▶ **Dataset content**

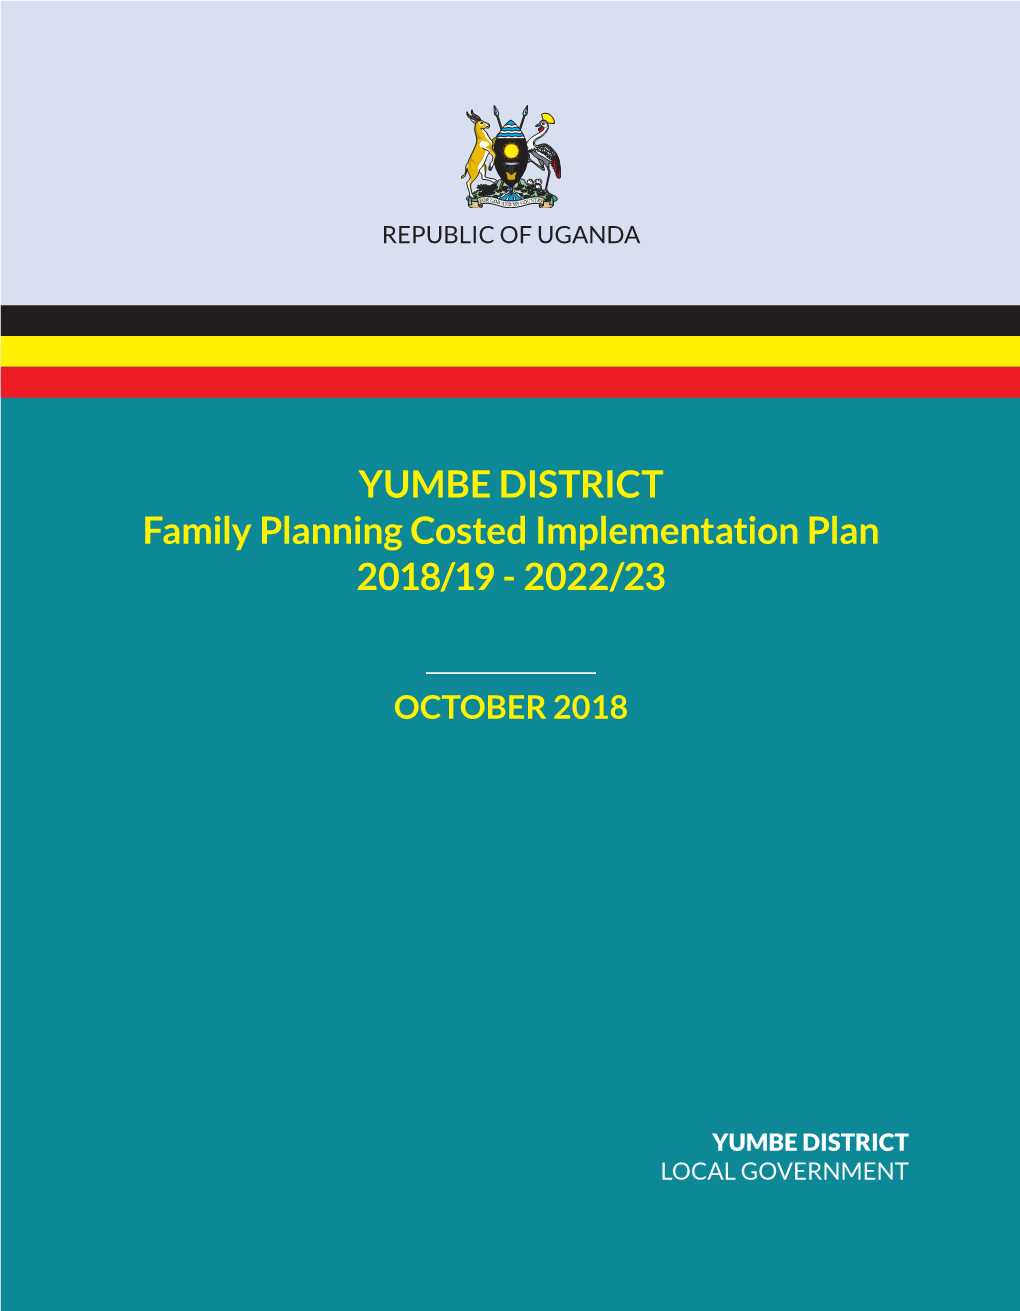 YUMBE DISTRICT Family Planning Costed Implementation Plan 2018/19 - 2022/23
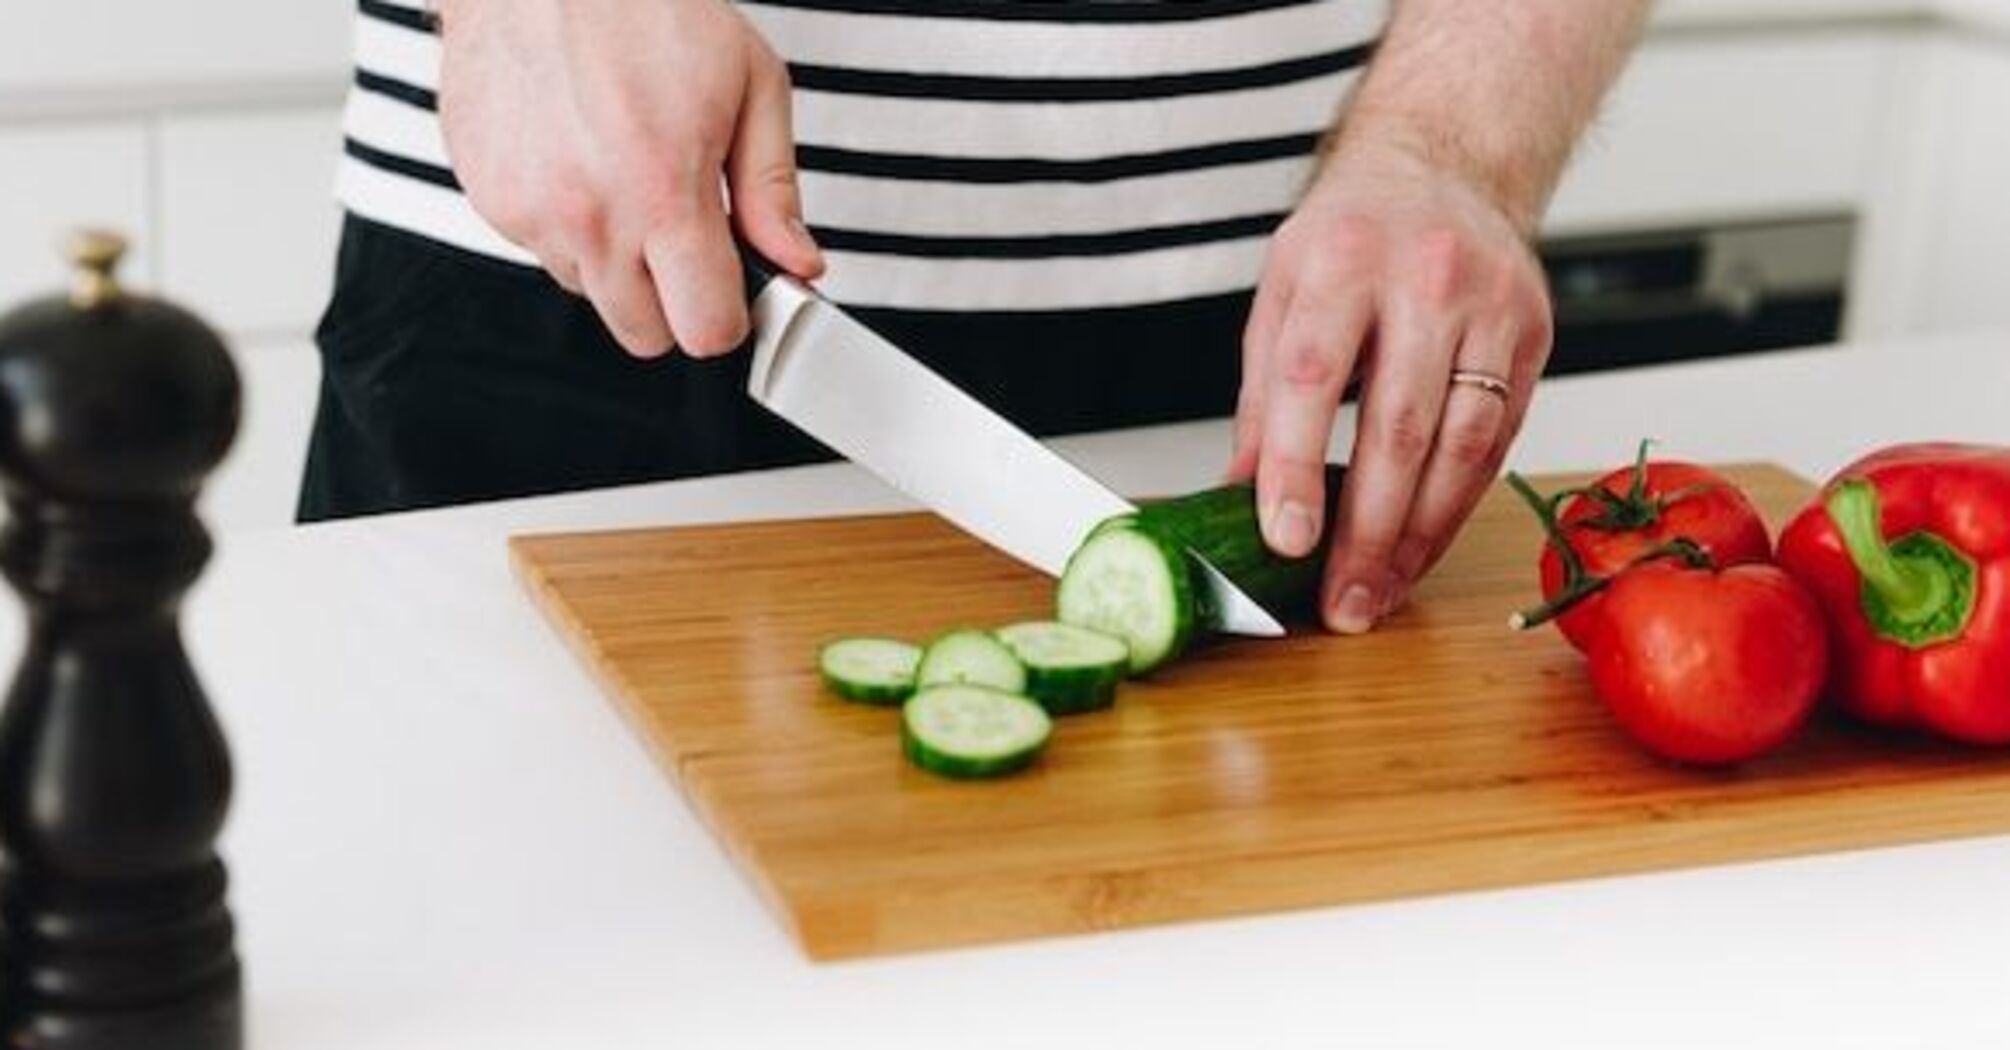 How to clean a cutting board and get rid of odor: effective tips
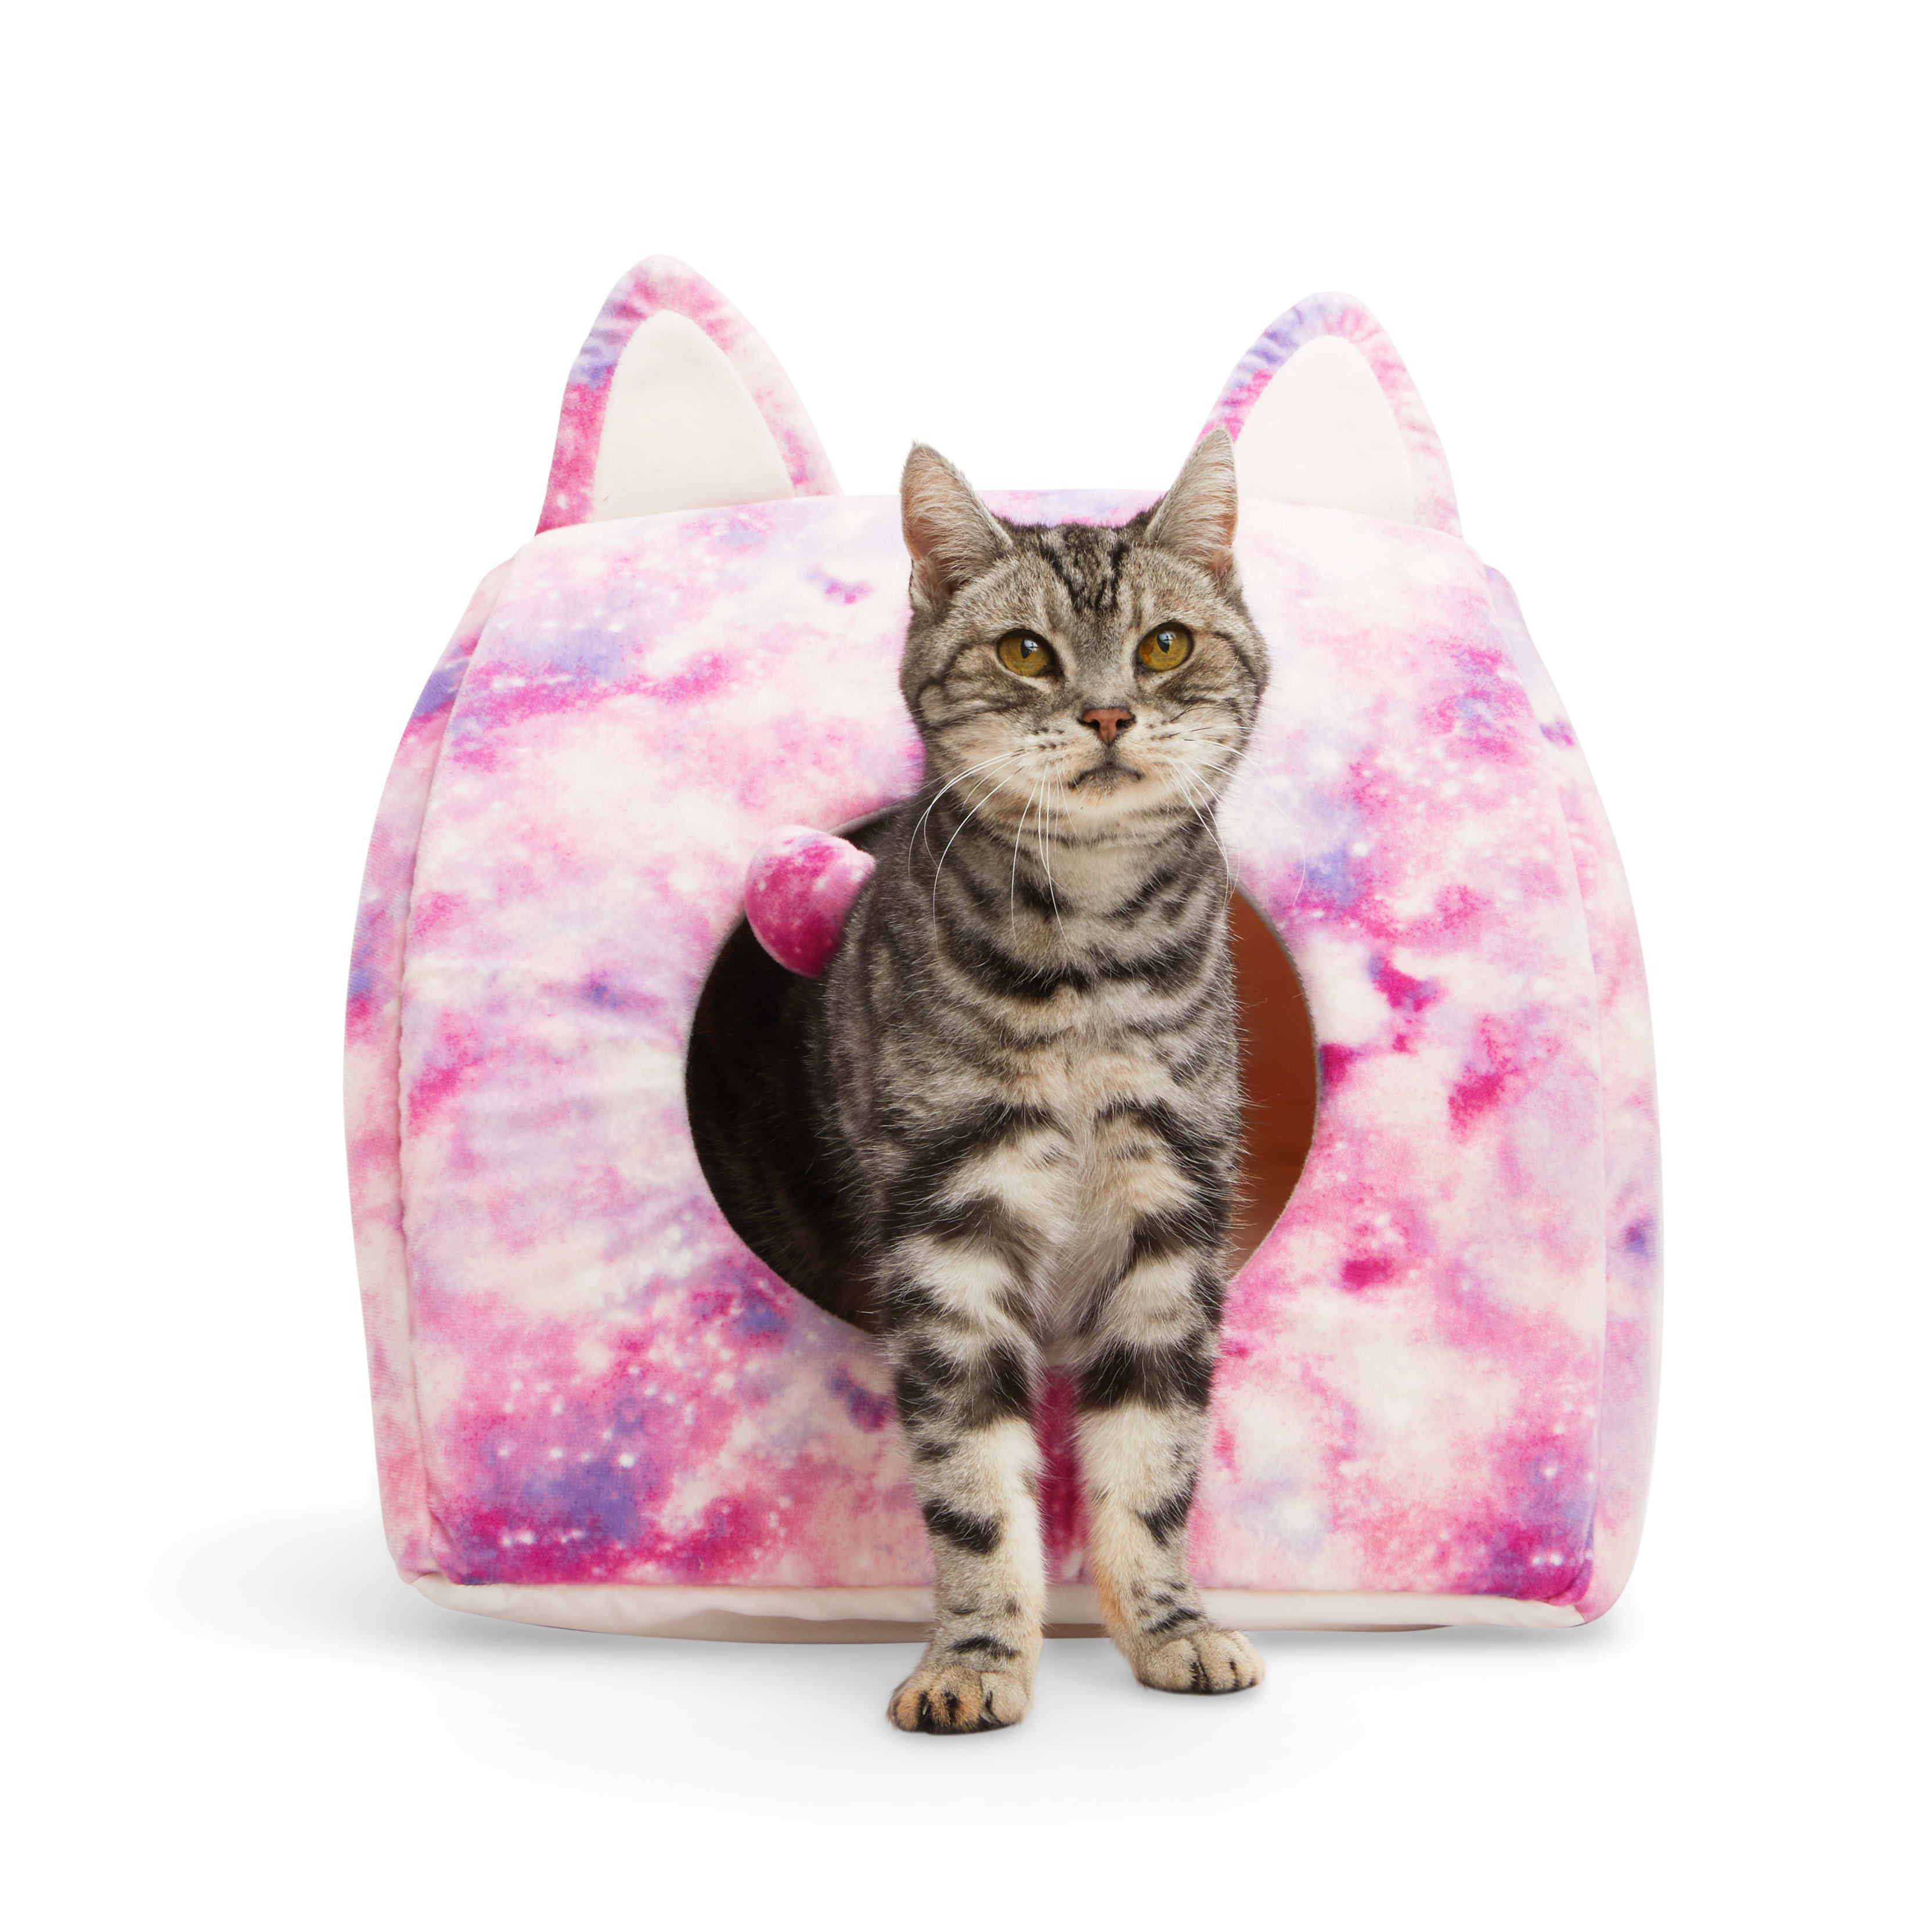 EveryYay Snooze Fest Straw Play Cave Cat Bed, 16.5 L X 14.2 W X 14.5 H

▶ **What is required**
Repeat the data above exactly, but not the pictures.

▶ **Solution**
 YUMBE DISTRICT Family Planning Costed Implementation Plan 2018/19 - 2022/23
 How to clean a cutting board and get rid of odor: effective tips
 EveryYay Snooze Fest Straw Play Cave Cat Bed, 16.5 L X 14.2 W X 14.5 H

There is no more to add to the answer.